Mon intuition selon laquelle le travail des enseignants s’opère en interaction avec les élèves se trouve confortée par ces critiques des modèles processus produit. Ces critiques argumentent l’impossibilité de saisir les composantes de l’action éducative en termes de variables caractéristiques des individus, du contexte ou des comportements. Elles conduisent leurs auteurs à proposer un autre cadre d’analyse, le cadre systémique. Les situations de classe sont analysées selon une grille repérant les opérations du maître et des élèves par des « fonctions » telles que : organiser, stimuler, inférer, réguler. En se rapprochant de la classe, la recherche devient qualitative et exploratoire. Les chercheurs analysant des séquences de classe se préoccupent des interactions langagières. Ils doivent trouver des découpages du temps des cours qui aient une certaine unité. Altet (1994) les nomme « épisodes ». Comme les autres recherches qualitatives de types compréhensif ou phénoménologique qui se disent descriptives, ils perdent les moyens d’une collecte de données susceptibles d’être traitées par des modèles de régression.

Cependant ces recherches se placent strictement dans le domaine pédagogique puisqu’elles portent uniquement sur la relation de communication entre les élèves et avec l’enseignant, indépendamment des contenus de connaissance qui font l’objet de l’activité commune.

Cette orientation, à mon sens, connaît une grave limite dans l’appréhension de l’action des professeurs. Elles adoptent en effet, un point de vue sur ce qui serait un bien agir de l’enseignant, orienté essentiellement vers un « bon ajustement » relationnel ce qui conduit précisément à laisser de côté la question des contenus d’enseignement.

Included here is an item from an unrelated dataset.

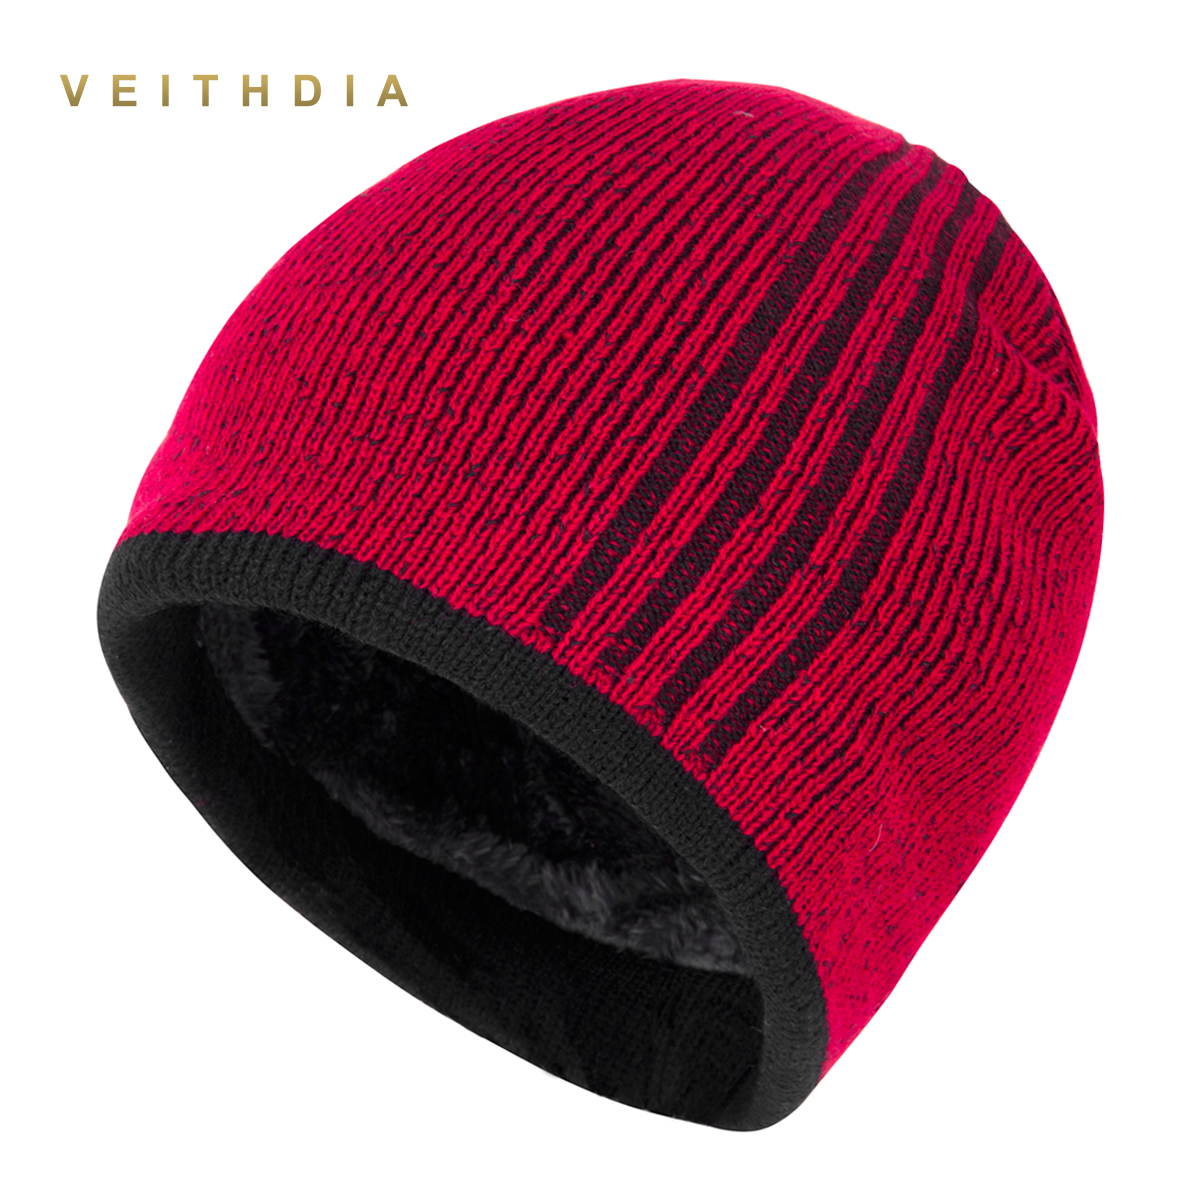 VEITHDIA Brand Men Winter Hat Practical Skullies Hats beanies Knitted Plus velvet Stripe Color Men's Hat Gorro Thicken warm Cap

L’idée est de lutter contre les malentendus de la communication, mais les appartenances sociales ou les adhésions idéologiques etc. des acteurs sont ignorées, comme si l’école était hors de la société.

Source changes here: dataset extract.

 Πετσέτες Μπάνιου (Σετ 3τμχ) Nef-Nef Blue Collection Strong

Le modèle de l’action éducative est donc complexifié dans les travaux inspirés d’un paradigme systémique. Le modèle de l’action en situation

qu’ils adoptent n’est plus un simple modèle de choix, mais un modèle inspiré de l’idée du praticien réflexif. Cependant le critère du bien agir est tout entier du côté de la relation aux élèves. Du double agenda de l’enseignant, gérer les contenus et gérer la relation des élèves aux contenus, n’est retenue que la composante relationnelle, l’imbrication mutuelle de ces deux agendas est ignorée. L’idée de l’action du professeur qui en ressort reste donc tronquée puisque la spécificité de l’éducation scolaire qui est d’enseigner des connaissances valables n’est pas réellement inscrite dans ces descriptions de l’action.